Model Card
A one-page document that tells you more about a model than the entire vendor pitch deck. If they don't have one, that itself is the answer.
The Technical Definition
A model card is a standardized document that describes a machine learning model’s intended use, training data, evaluation results, performance across different subgroups, known limitations, and ethical considerations. The format was proposed in a 2018 paper by Margaret Mitchell and colleagues at Google (“Model Cards for Model Reporting”). It has since become standard practice at Google, Hugging Face, OpenAI, Anthropic, and most serious model providers.
A complete model card answers a short list of blunt questions. What is this model? What was it trained on? What is it for? What is it not for? How well does it perform, and on what benchmarks? Where does it fail? Who tested it, and who is responsible for it?

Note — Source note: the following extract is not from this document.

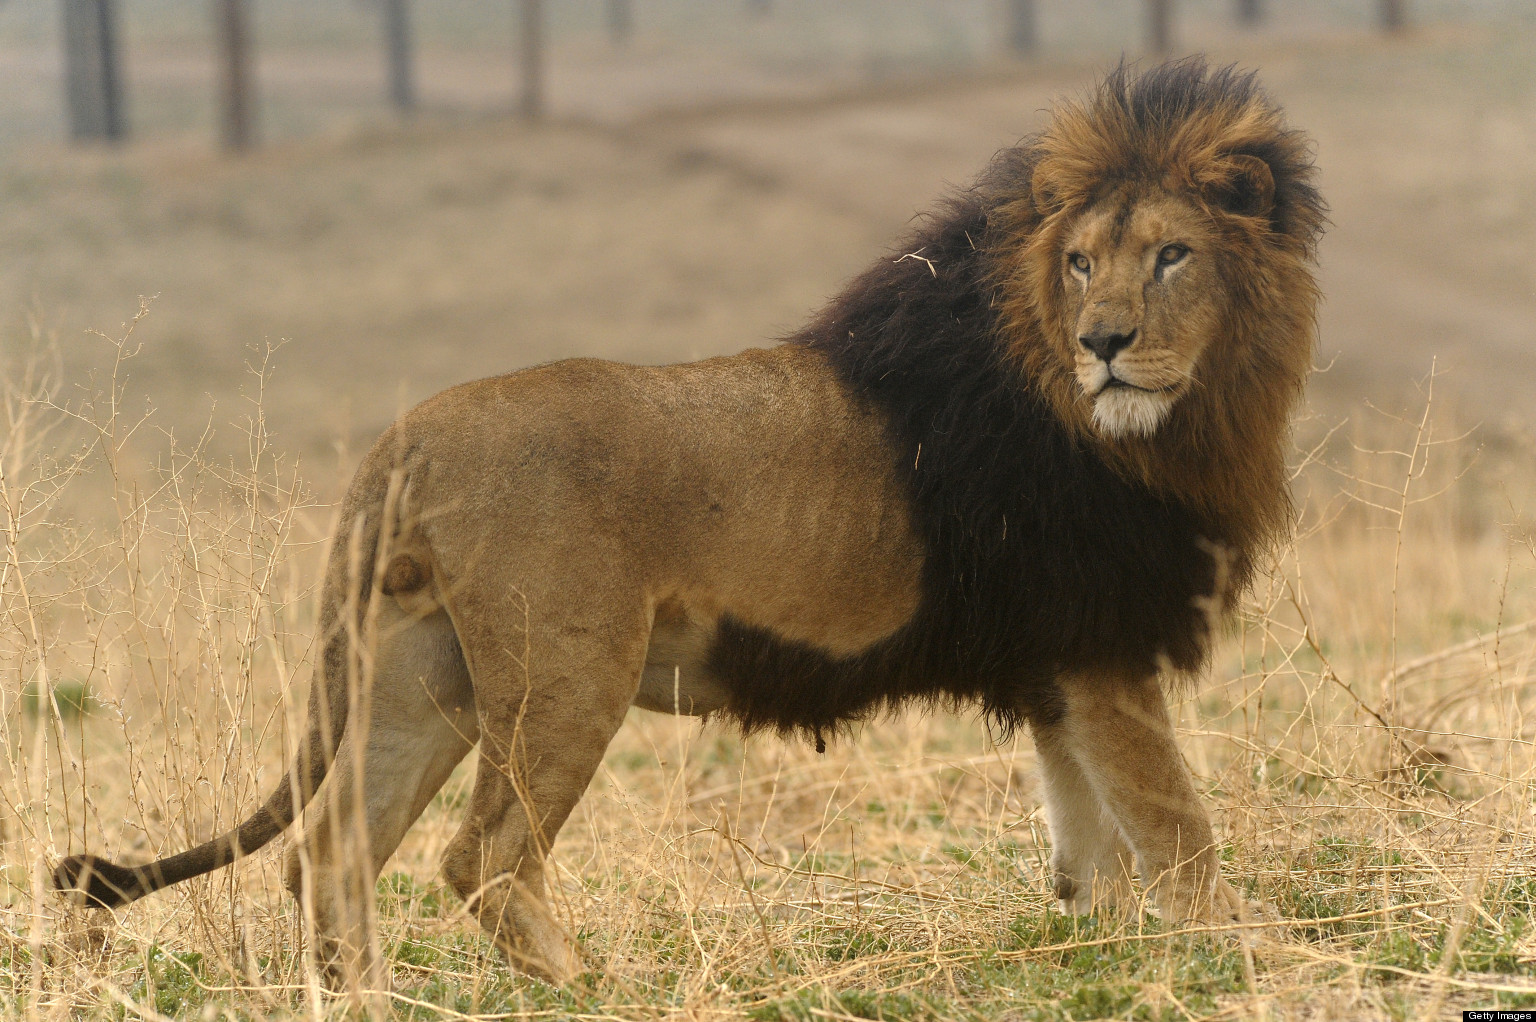 Beautiful Wallpaper Lion Facebook - o-LION-ARK-facebook  Image_477316.jpg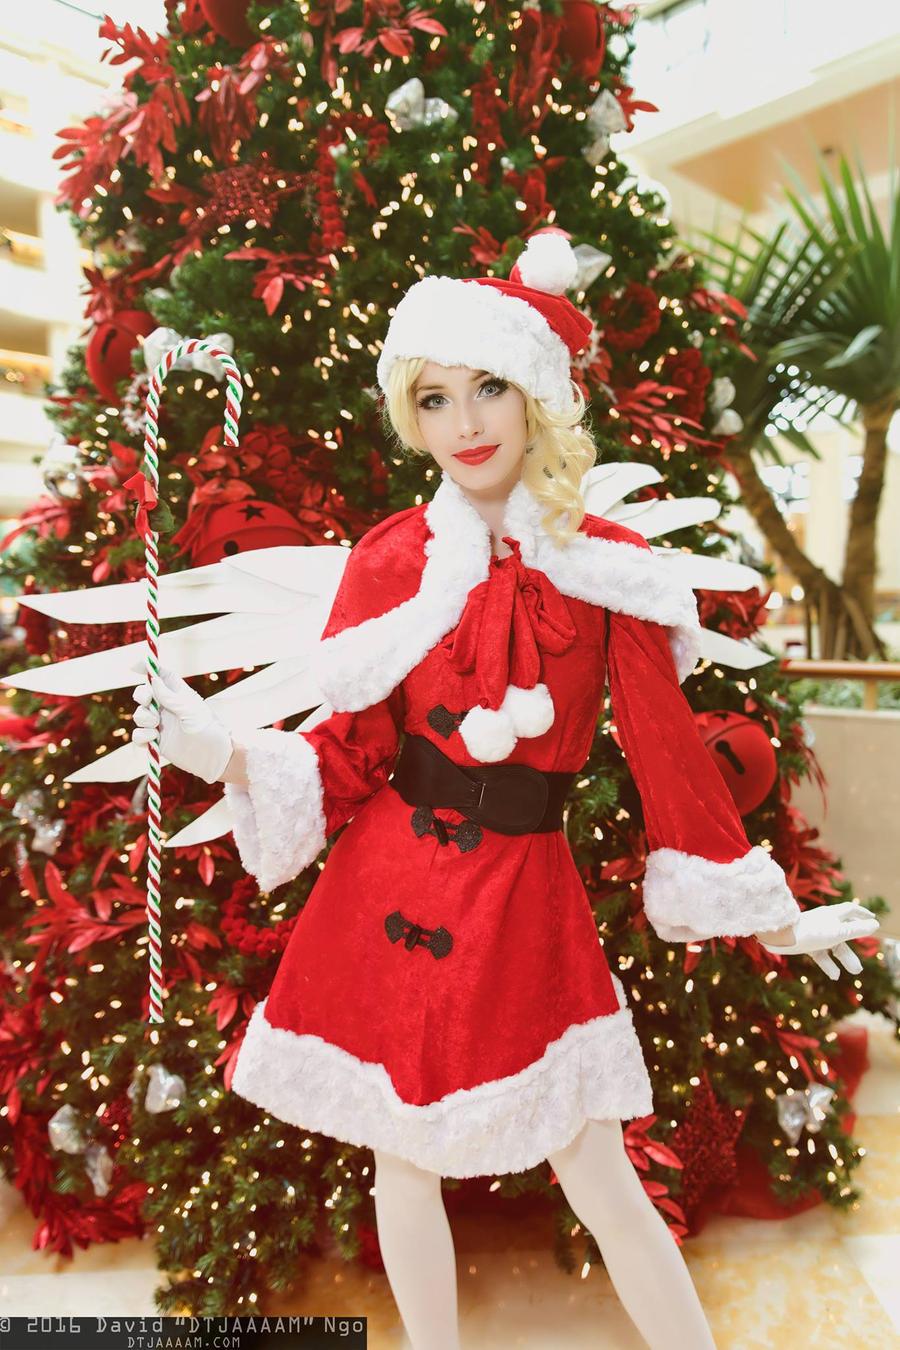 Holiday Mercy - Candycane by MeganCoffey

What This Actually Means for Your Business
Your AI vendor has a pitch deck, a website, and a sales engineer. None of those tell you anything about the model. The model card does.
If a vendor cannot produce a model card for the model behind their product, one of three things is true. They don’t know what model they’re using (they’re reselling someone else’s API and haven’t checked). They know but don’t want to share (the model is older or weaker than the pitch implies). Or they know and don’t think it matters (which tells you something about how they handle every other question they don’t want to answer). All three are signals.
If they do produce one, read it for what’s in the limitations section. That’s the part written by the people who know the model best, often grudgingly. Anthropic’s model cards say their models can refuse appropriate requests, hallucinate facts, and be jailbroken. OpenAI’s GPT-4 system card describes the model’s specific weaknesses on math, citations, and certain reasoning tasks. Those statements aren’t disclaimers — they’re a map of where the model will fail in your business, written by the people most likely to know.
A good model card also tells you what the model wasn’t tested on. Performance metrics are usually reported on standard benchmarks. Your business is not a standard benchmark. If the model card reports excellent performance on academic question answering and you’re deploying it for medical claims review, the model card hasn’t told you the model is good for your use case. It has told you the vendor doesn’t know.
Reality Check
What the vendor says: “We can share a detailed performance overview during procurement.”
What that means in practice: They don’t have a model card, or the one they have is worse than they want you to see. A model card is a public-facing document by definition. If it’s NDA-only, it’s not a model card. It’s a custom slide.
What Operators Actually Do
Procurement teams that buy AI seriously start every evaluation with the model card. Before the demo, before the reference call, before the proof of concept. Fifteen minutes with the document tells you whether the rest of the process is worth the calendar time.
They look for four specific things. A clear statement of intended use, written in plain English, that matches what the vendor is trying to sell you. Quantitative performance numbers on benchmarks they’ve heard of, reported with confidence intervals or version numbers attached. A subgroup analysis — performance broken out by demographic, geography, language, or domain — because aggregate numbers hide the failures that get you sued. And a limitations section longer than two sentences.
They also use the model card to write their own acceptance tests. If the card says the model performs well on English-language summarization and your business runs in Spanish, your acceptance test runs in Spanish. If the card says the model has limited performance on long context, your acceptance test uses your longest documents. The model card tells you where the cliff is. Your job is to walk to the edge before you sign the contract.
The operators who skip this step pay for it later, usually in front of a customer.
The Questions to Ask
-
Can I have the model card? If yes, read it before the next call. If no, you’ve already learned the most important thing about how this vendor operates.
-
What’s in the limitations section? Read it out loud on a call with the vendor. Watch how they react to their own document. Discomfort is information.
-
What testing did you do for our specific use case? The published model card is generic. Your use case is not. If they haven’t tested for your domain, your acceptance tests are the audit.